In my last article I discussed path finding using genetic algorithms. In that article I explained that we were using a path finding problem to have fun learning GA, but that in real life we'd want to use something far better suited to the problem, such as A*. Since most of the code was already written for the last article, I thought I'd owe it to you to give you an example of A* in action; and since any love story is really a path finding problem between two kindred spirits, why not do it on Valentine's Day?
Many of you may have learned about A* in school, as I did (back when dinosaurs roamed the Earth); it's a pretty simple algorithm used for finding the optimal path between two points, given an admissible heuristic. It is similar to a breadth-first search algorithm in that it will end up searching all of the nodes, so if a solution exists it will find it.
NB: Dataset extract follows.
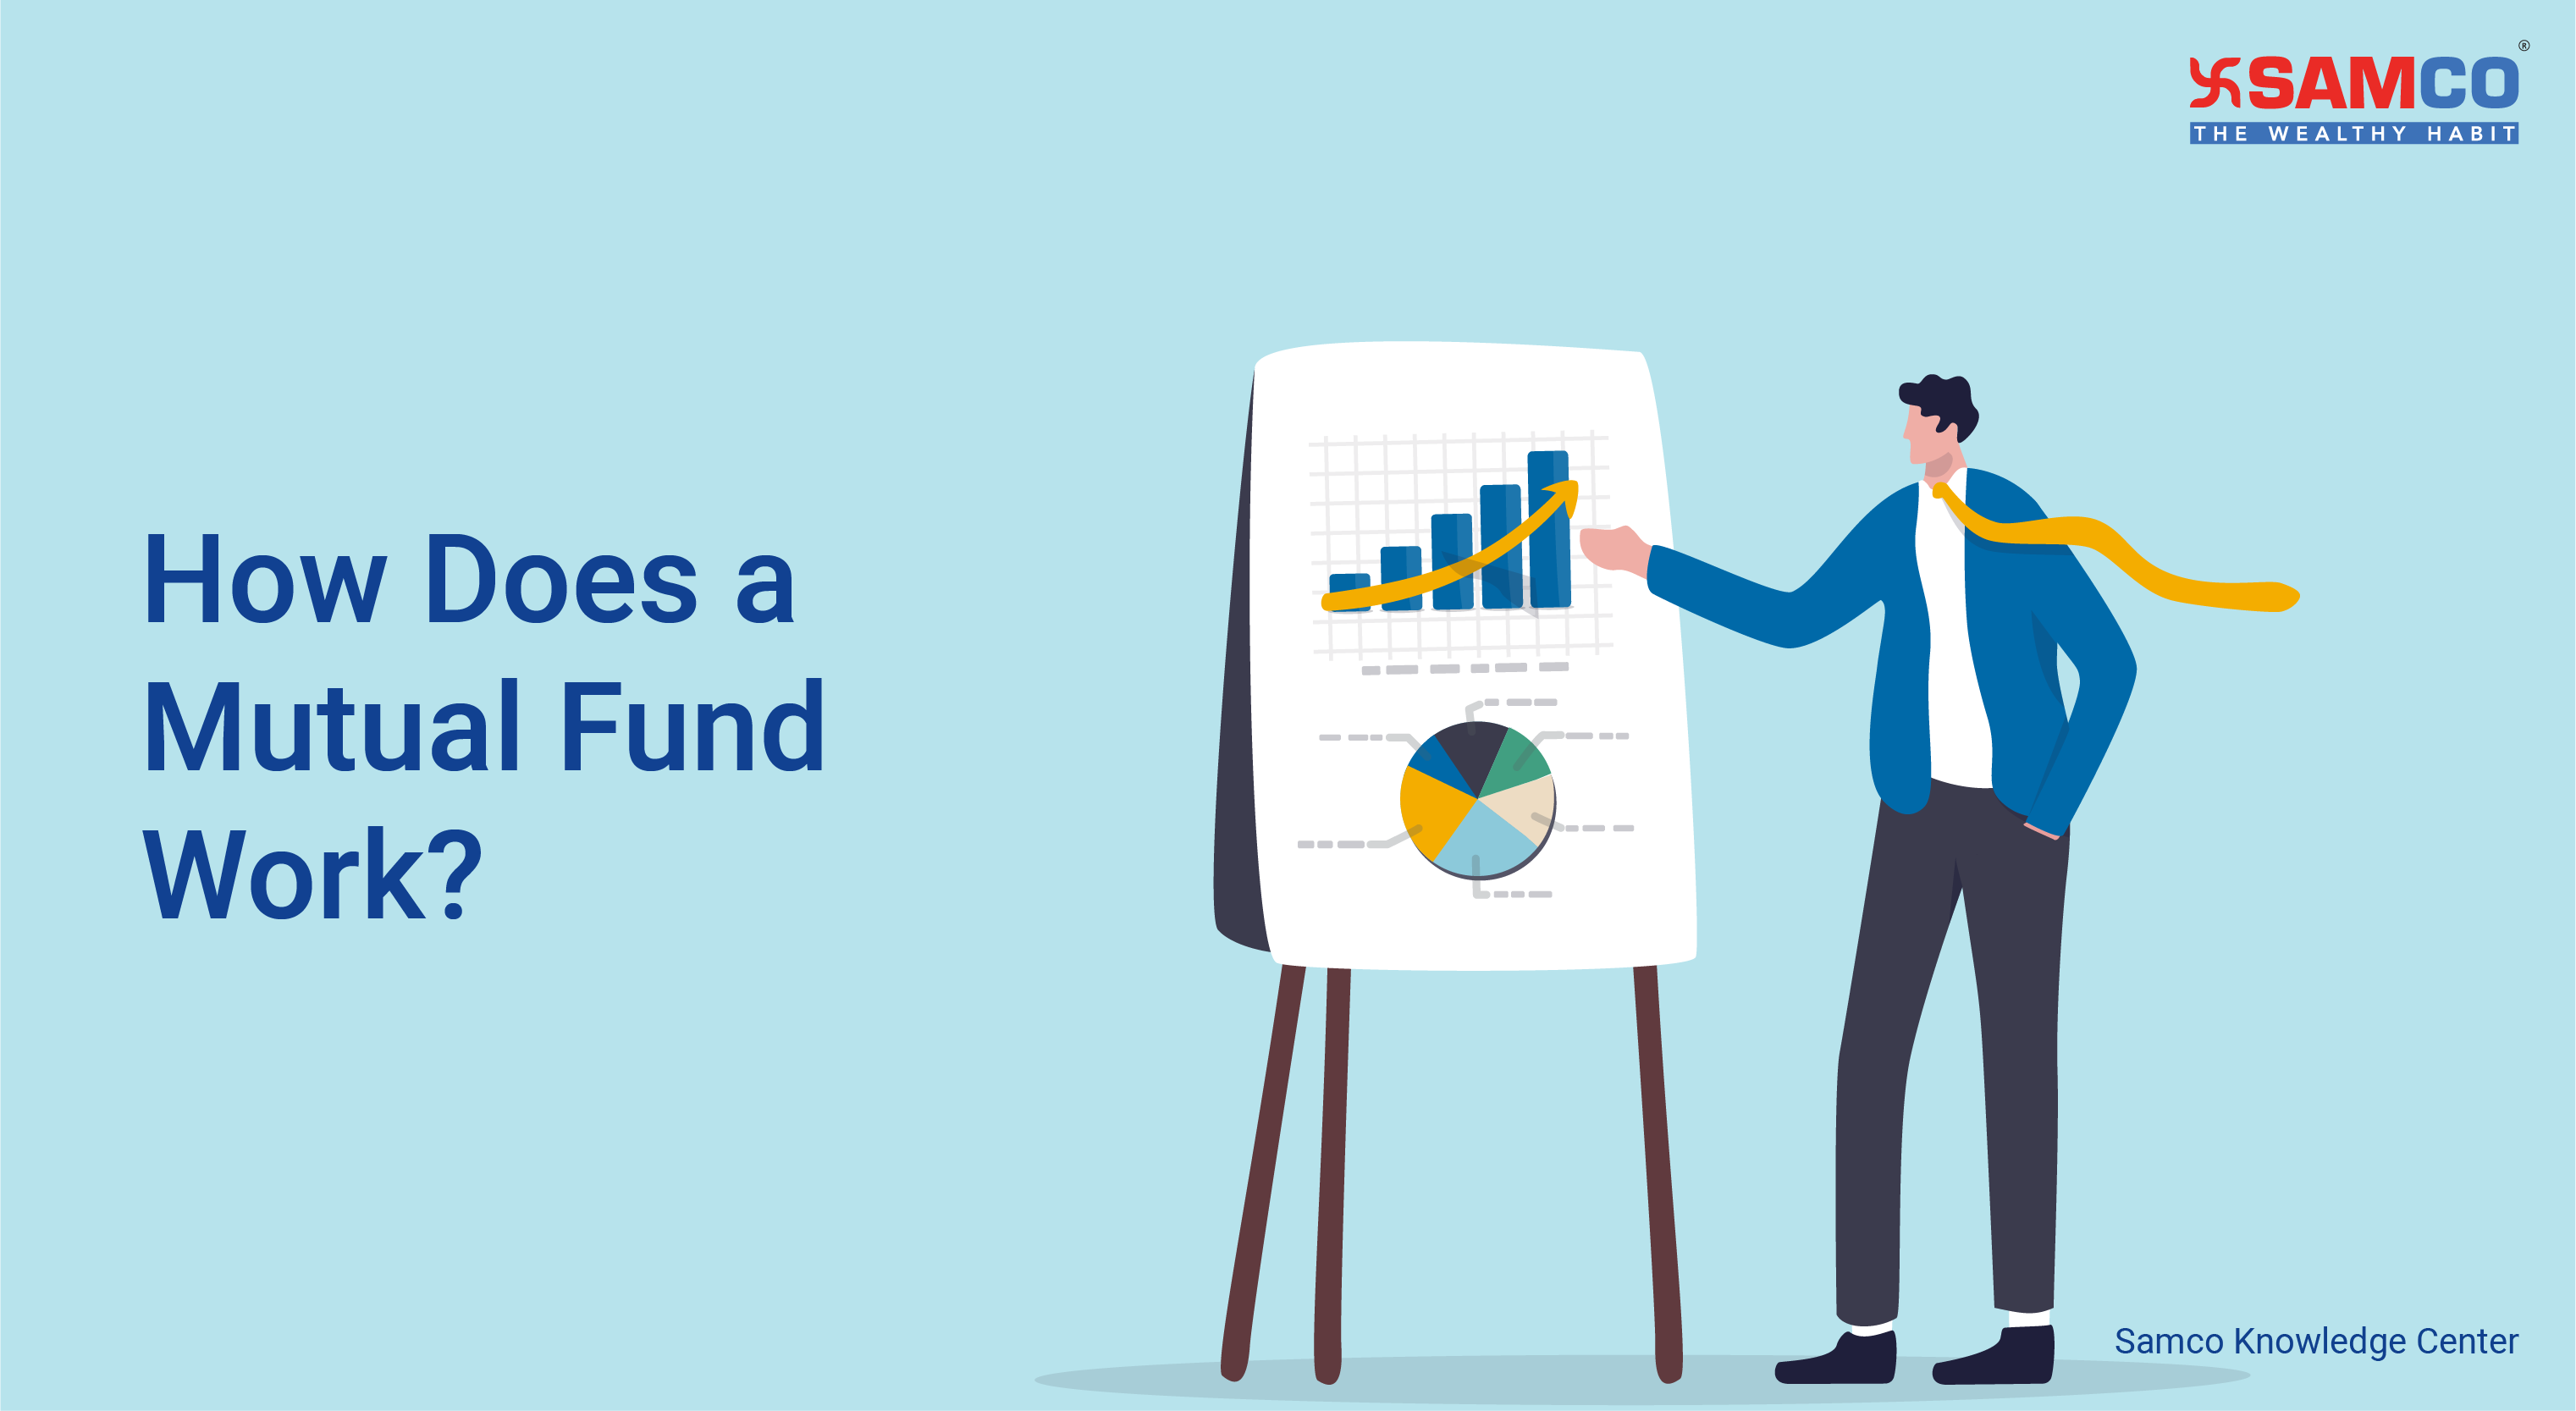 How Does a Mutual Fund Work?

To speed up the search, it uses heuristics so that only the most promising nodes are explored first.
The key components of A* are the following:
- HScore: Heuristic Cost - What is the estimated cost from the current node to the target?
- GScore: Movement Cost - What was the cost of getting to the current node?
- FScore: G + H
In our example, the heuristic cost will be the Manhattan Distance between the current node and the target node, which makes a lot of sense for us because our maze-walker from the last article is not capable of moving in diagonals. The movement cost will always be 1.
In English, the algorithm does the following:
- We select the node from the open list with the smallest F score. The open list is a set of candidate nodes (nodes that are traversable [e.g. not an obstacle] and that have not been walked yet). The first selected node is the starting node.
- We remove the current node from the open list and add it to the closed list. The closed list is a set of nodes that have already been walked.
- If the current node is the target node, we can return since the problem is now solved (yay!)
- Since we have not yet reached the target, we need to move from the current node. We'll look at the list of the current node's neighbors and
- If the neighbor is traversable and not in the closed list
- Calculate the G Score and recalculate the F score
- If the neighbor is not in the open list, we set it's parent to the current node add it to the open list
- If the neighbor is in the open list and has a smaller new F Score than what is stored currently, update the G and F scores in the node and set the parent to current
- Loop to the beginning. If the open list is empty then there is no path between start and target.
If you're interested in code, you can check out a c# implementation on GitHub.
So how much better is A* than our implementation using Genetic Algorithms? Here's a solution path using the same maze as the last article (now with a geeky Valentine's Day theme). It found the solution in milliseconds, whereas the GA took minutes!
If you're interested in learning more about A*, with optimizations and tricks, check out this video series.
Happy coding and Happy Valentines Day!